PROBLEM DESCRIPTION: I'd like the full listing transcribed exactly, with no images included.

RECORDED INFORMATION:

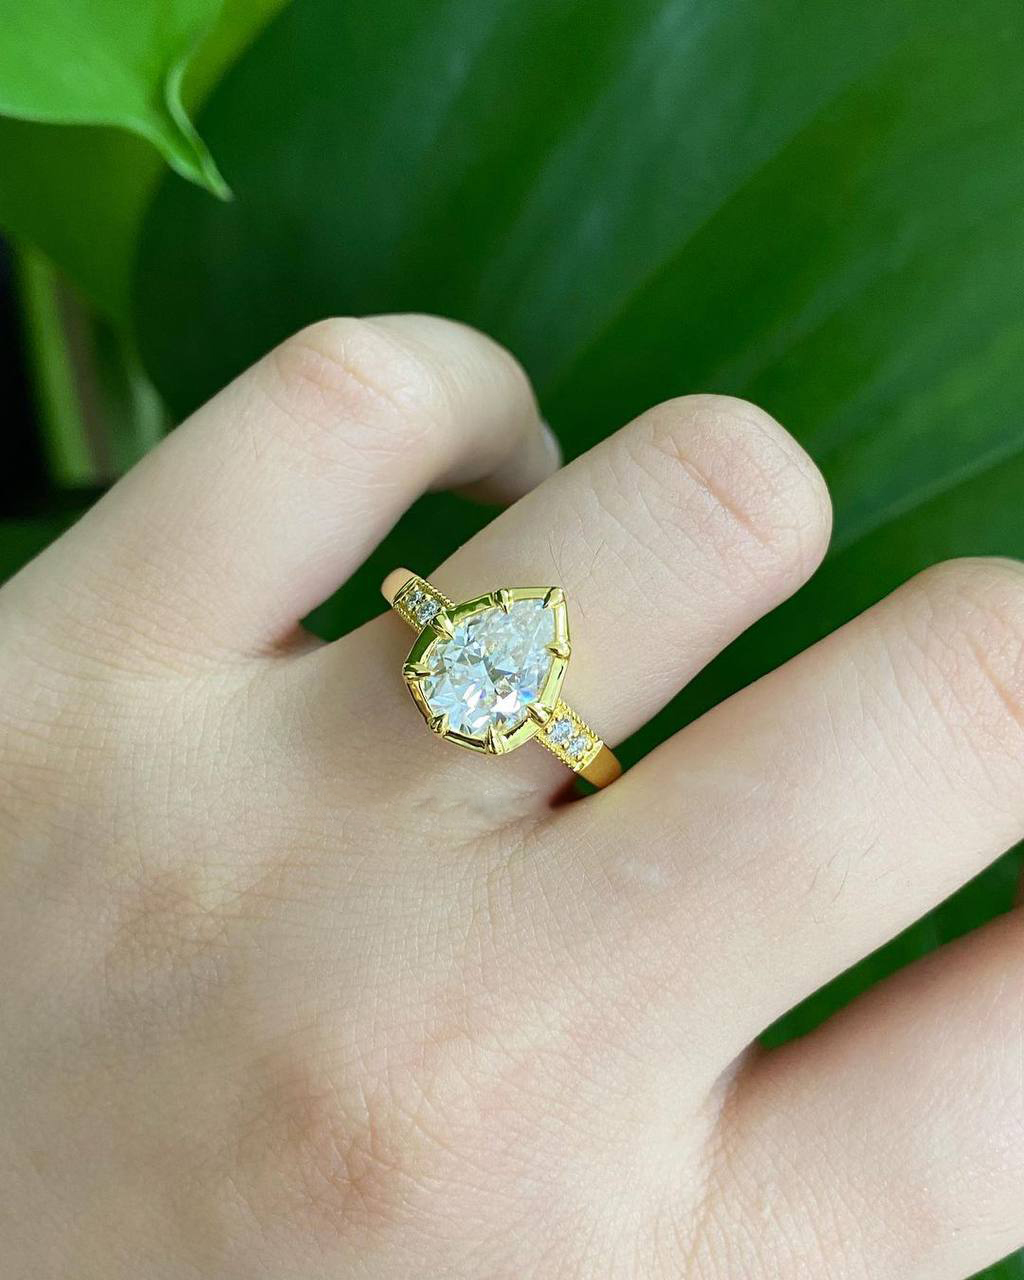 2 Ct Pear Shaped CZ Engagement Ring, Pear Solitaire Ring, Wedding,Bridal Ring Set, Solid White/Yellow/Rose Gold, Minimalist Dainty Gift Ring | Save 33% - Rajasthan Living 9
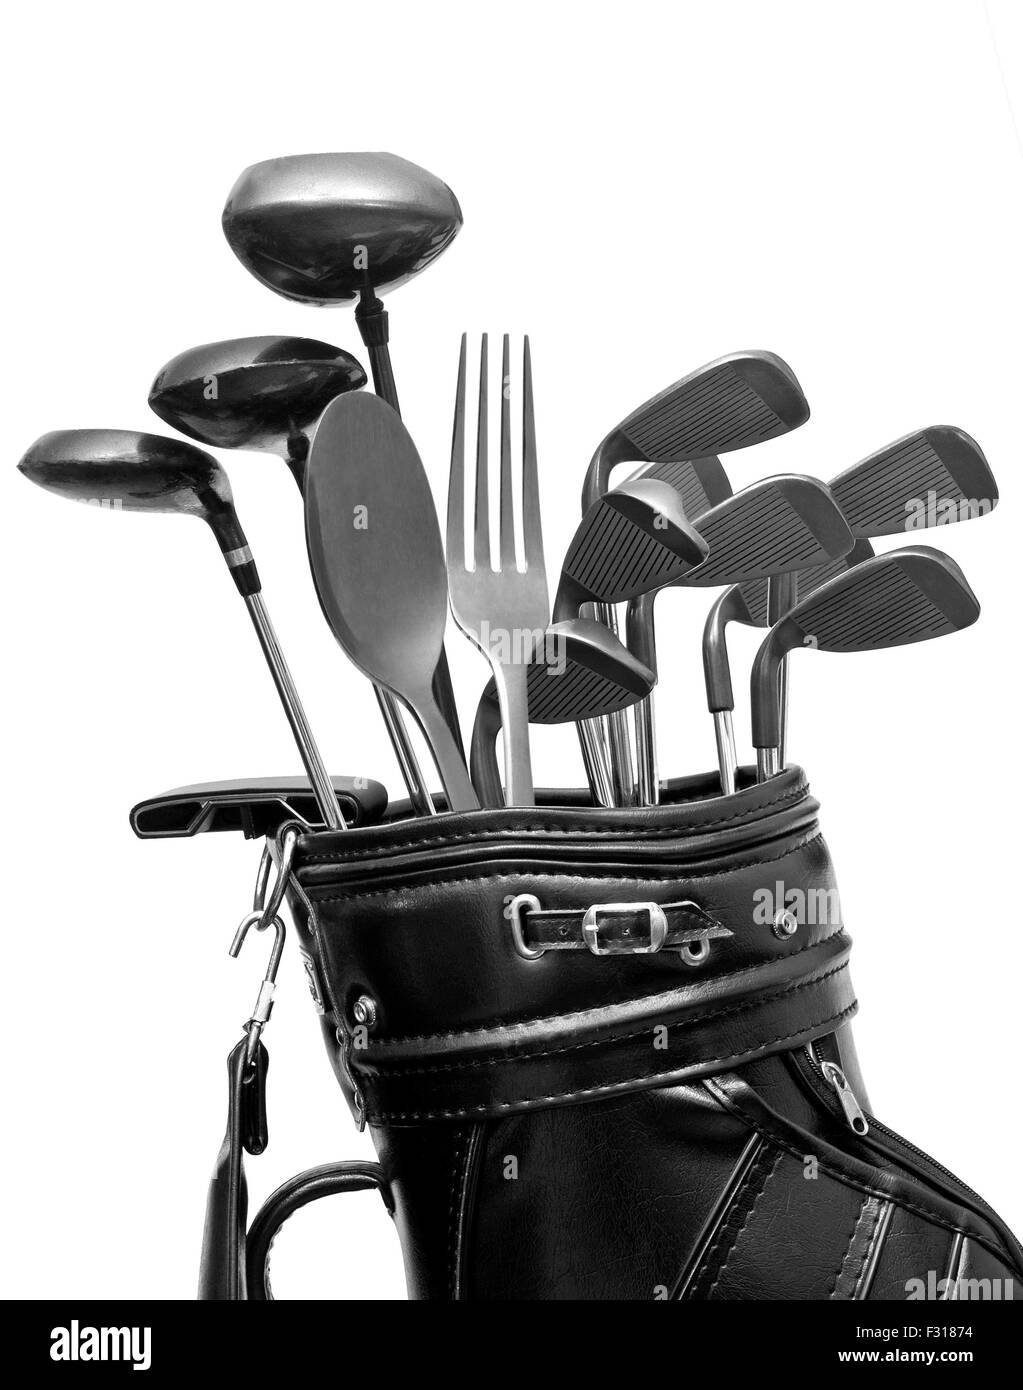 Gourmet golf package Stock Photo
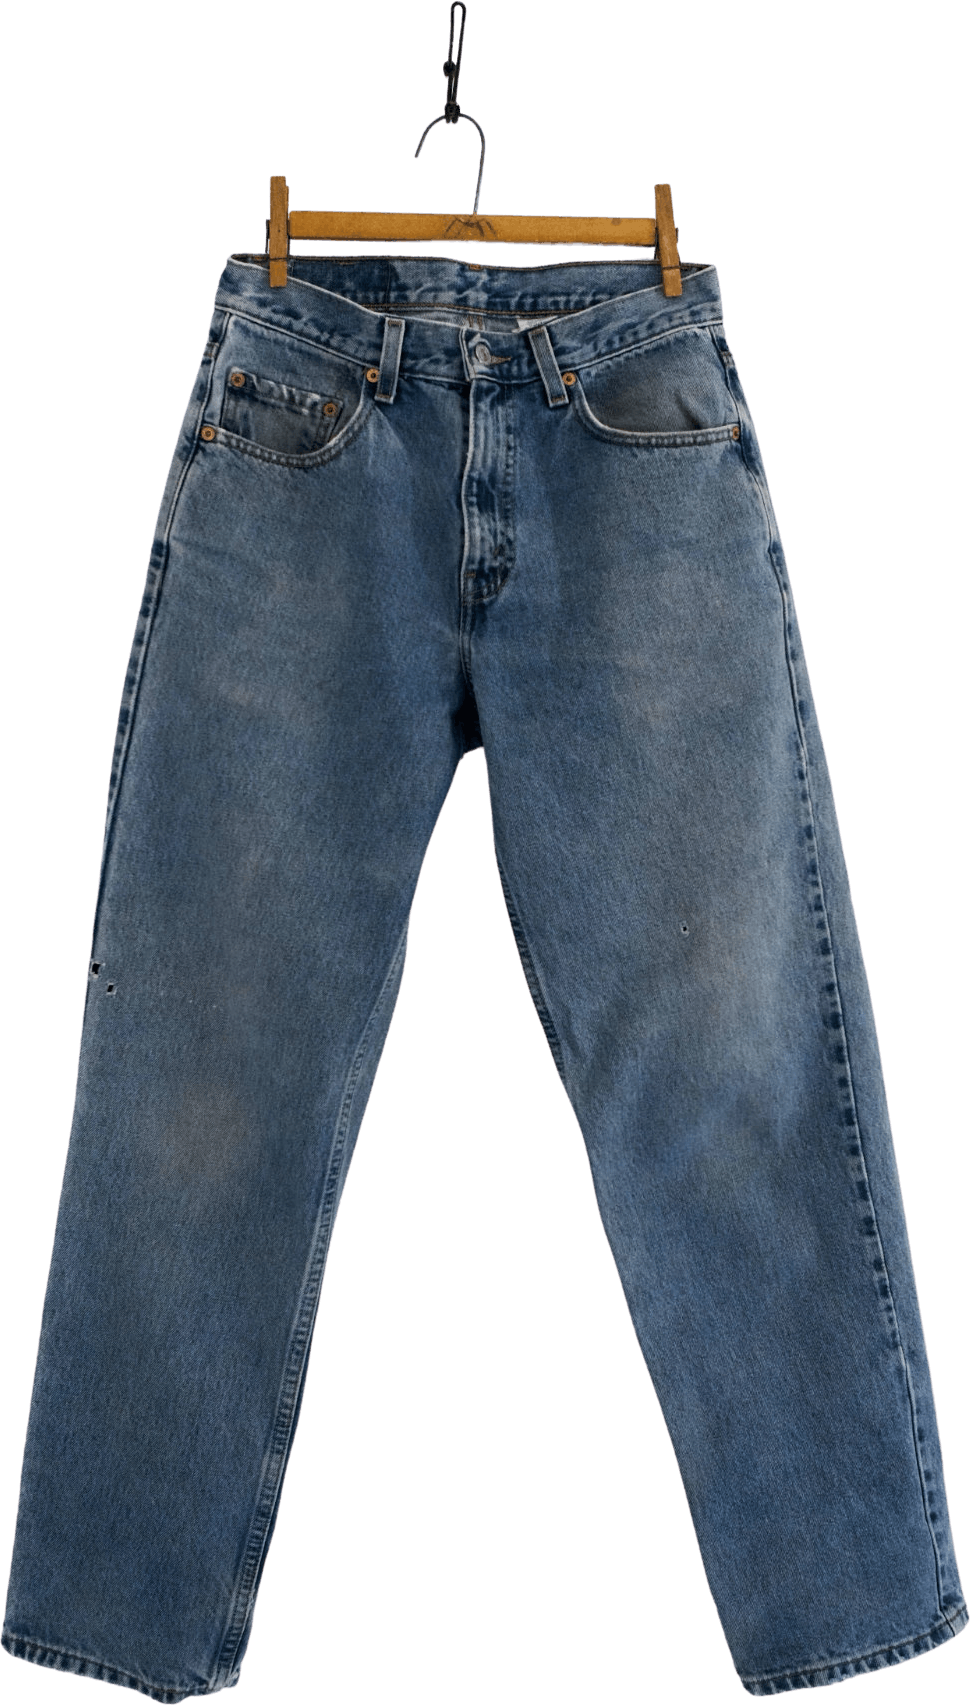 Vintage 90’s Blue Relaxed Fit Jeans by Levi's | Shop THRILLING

ANSWER BOX:
 2 Ct Pear Shaped CZ Engagement Ring, Pear Solitaire Ring, Wedding,Bridal Ring Set, Solid White/Yellow/Rose Gold, Minimalist Dainty Gift Ring | Save 33% - Rajasthan Living 9
 Gourmet golf package Stock Photo
 Vintage 90’s Blue Relaxed Fit Jeans by Levi's | Shop THRILLING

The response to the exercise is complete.